[Chimera-users] Surfaces and transparency

Esser, Lothar (NIH/NCI) [E] esserlo at mail.nih.gov
Mon Apr 27 13:43:39 PDT 2020

Hi, Elaine, 

That's a neat trick. It only works with surfcat. 

If I do

surface #0
trans 50,s #0
No matter what I do the transparency does not change. 

But with 
Surfcat mystuff
Surface mystuff
Trans 50,s

It works as advertised. Also, I noticed that in the first case with an ineffective "trans 50,s" on the command line, the menu Actions->Surface->Transparency->50% did work. 
It's only that I rarely use the menu .... partly because changes in transparency may be animated by a script. 
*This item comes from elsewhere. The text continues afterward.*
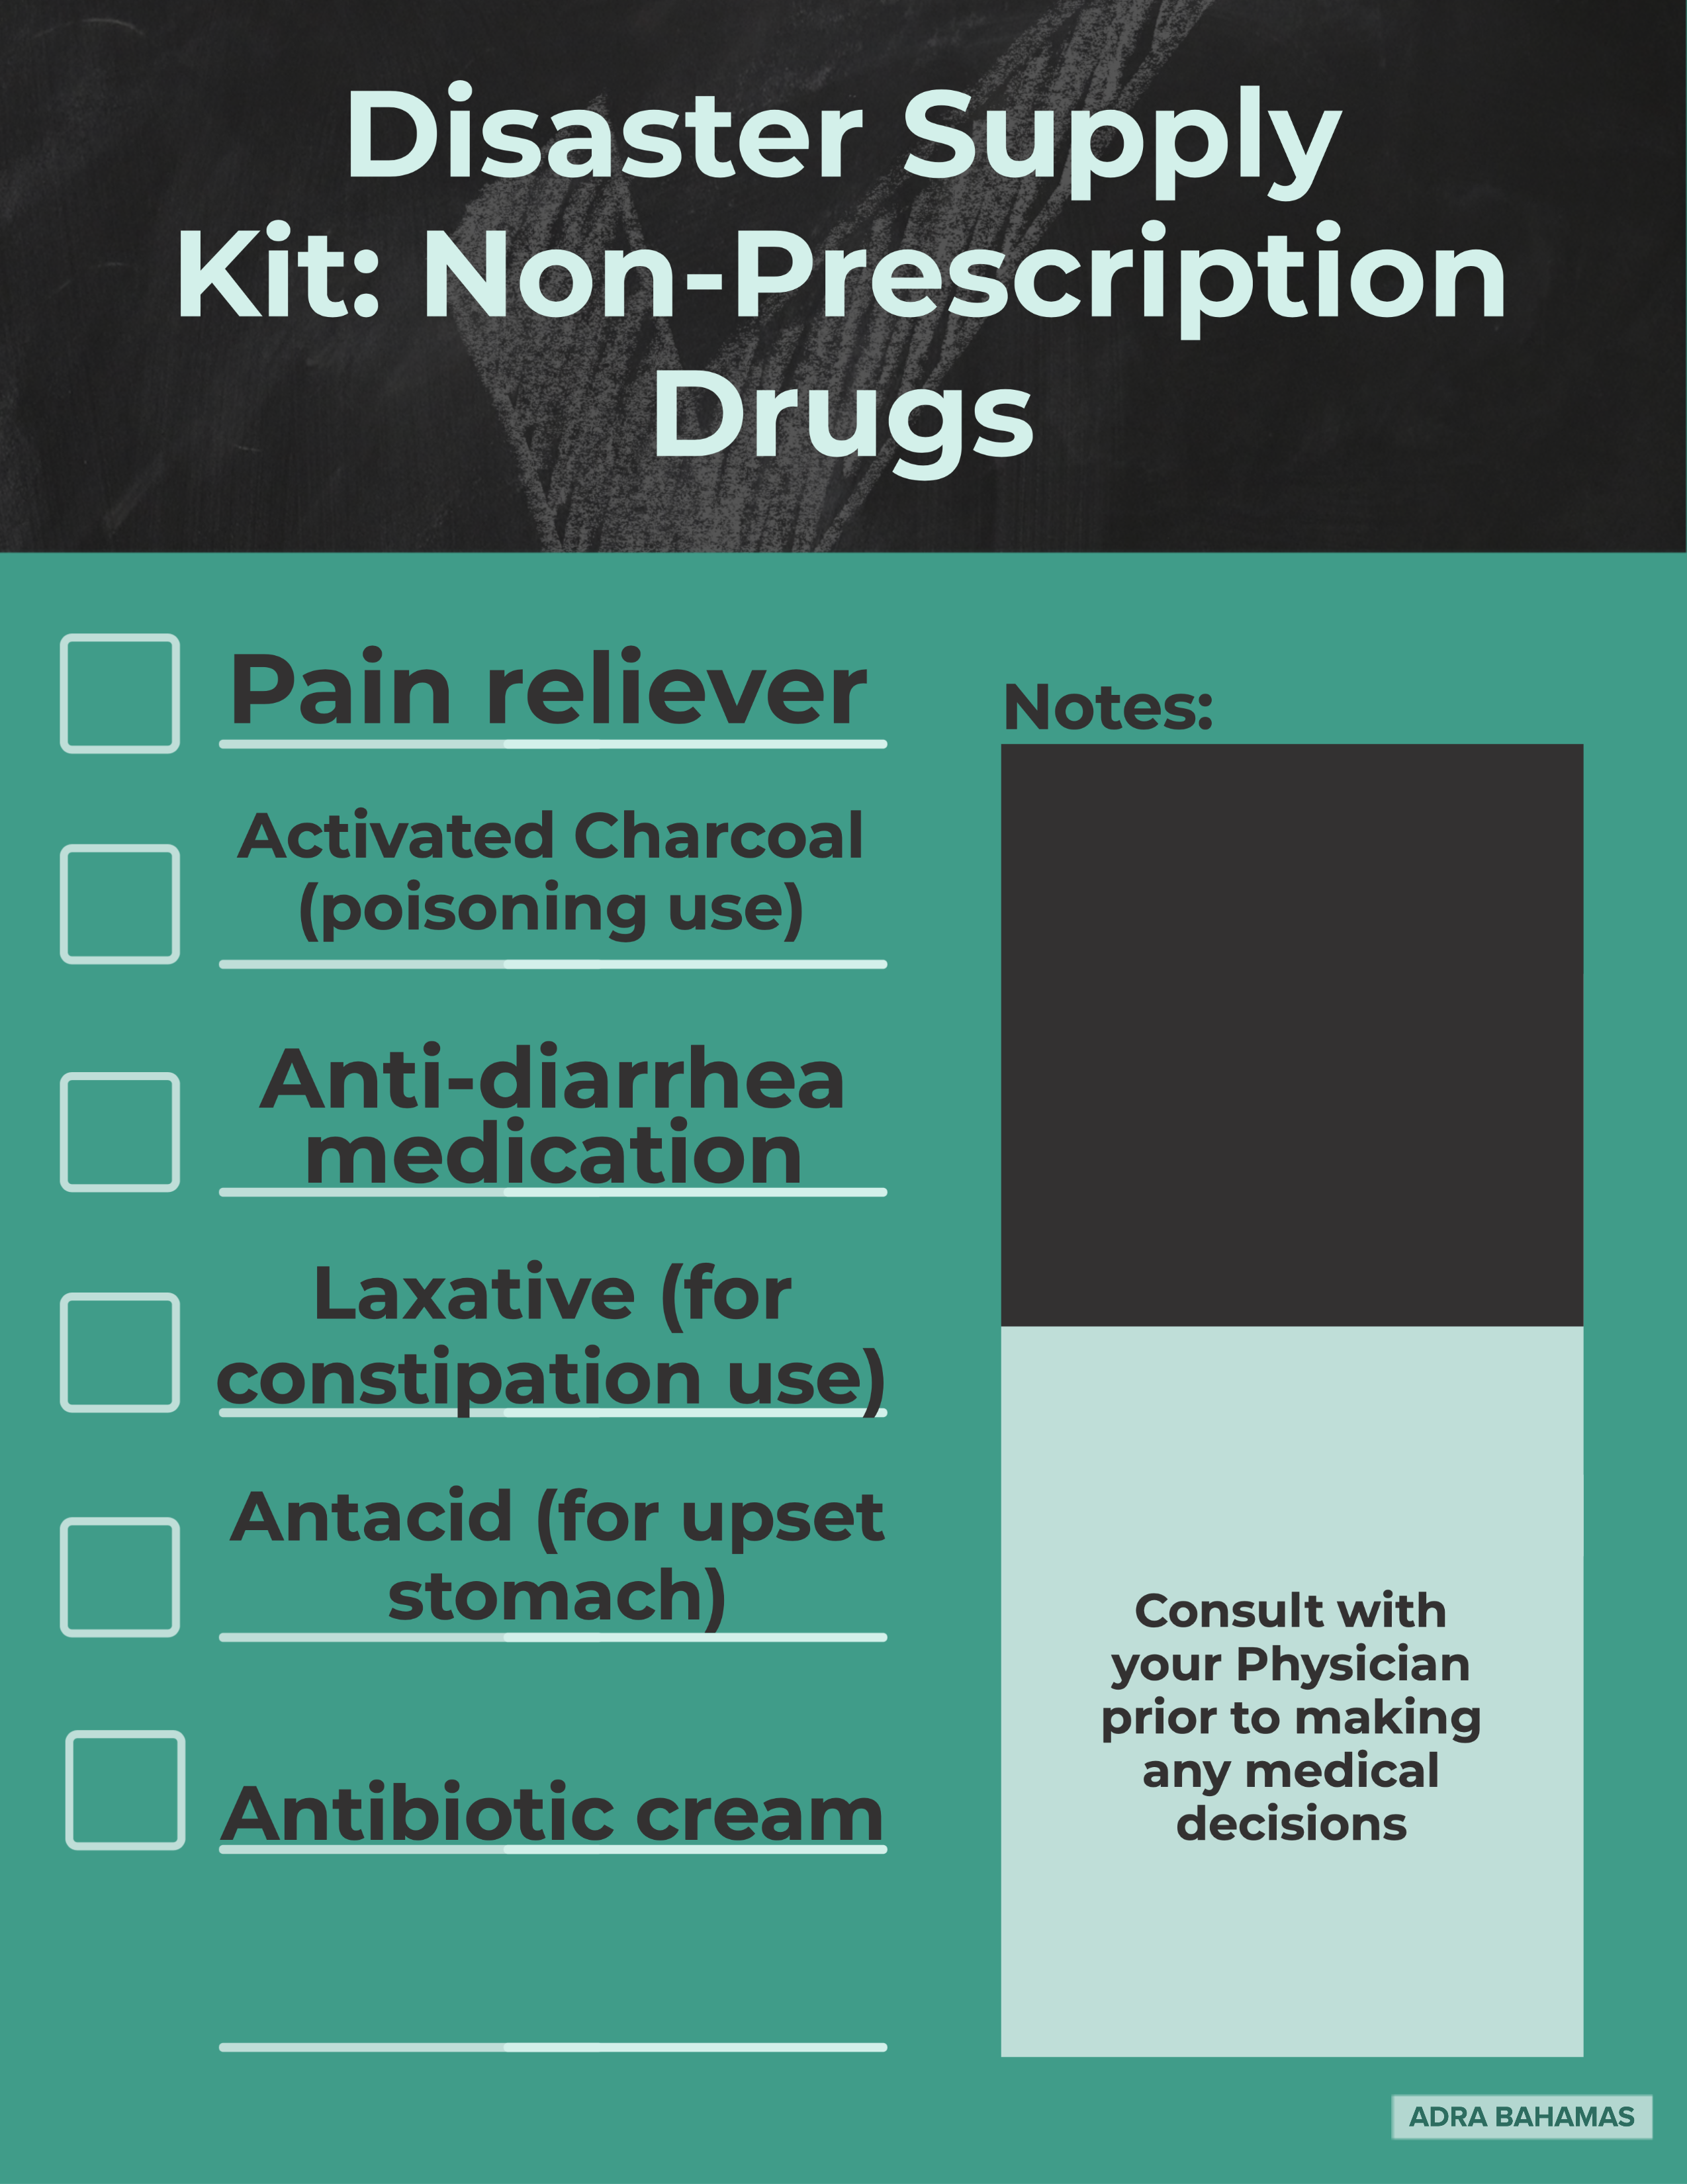 Non-prescription

-----Original Message-----
From: Elaine Meng <meng at cgl.ucsf.edu> 
Sent: Monday, April 27, 2020 12:28 PM
To: Esser, Lothar (NIH/NCI) [E] <esserlo at mail.nih.gov>
Cc: chimera-users at cgl.ucsf.edu BB <chimera-users at cgl.ucsf.edu>
Subject: Re: [Chimera-users] Surfaces and transparency

Hi Lothar,
It is not related to the VDW parameters, but to automatic classification of sets of atoms and excluding them from what is (by default) enclosed in a surface.  For example, people usually don't expect their ligands, solvent, or metal ions to be lumped together with the macromolecule, so there are automatically defined groupings:

You can use "surfcat" to group the atoms any way you want, however.  E.g. commands

surfcat mystuff :adp,mg
surface mystuff

The ion is shown as "sphere" (full VDW radius) and if colored separately may show "through" the surface unless you make it smaller, and surface is "chunky" unless you increase vertex density.

repr bs :mg
surface mystuff vertexDensity 10


The transparency command works fine for the molecular surface EXCEPT when the surface  has custom coloring by vertex (electrostatic potential, for example).  For custom coloring by vertex you would have to specify the transparency at the time of coloring.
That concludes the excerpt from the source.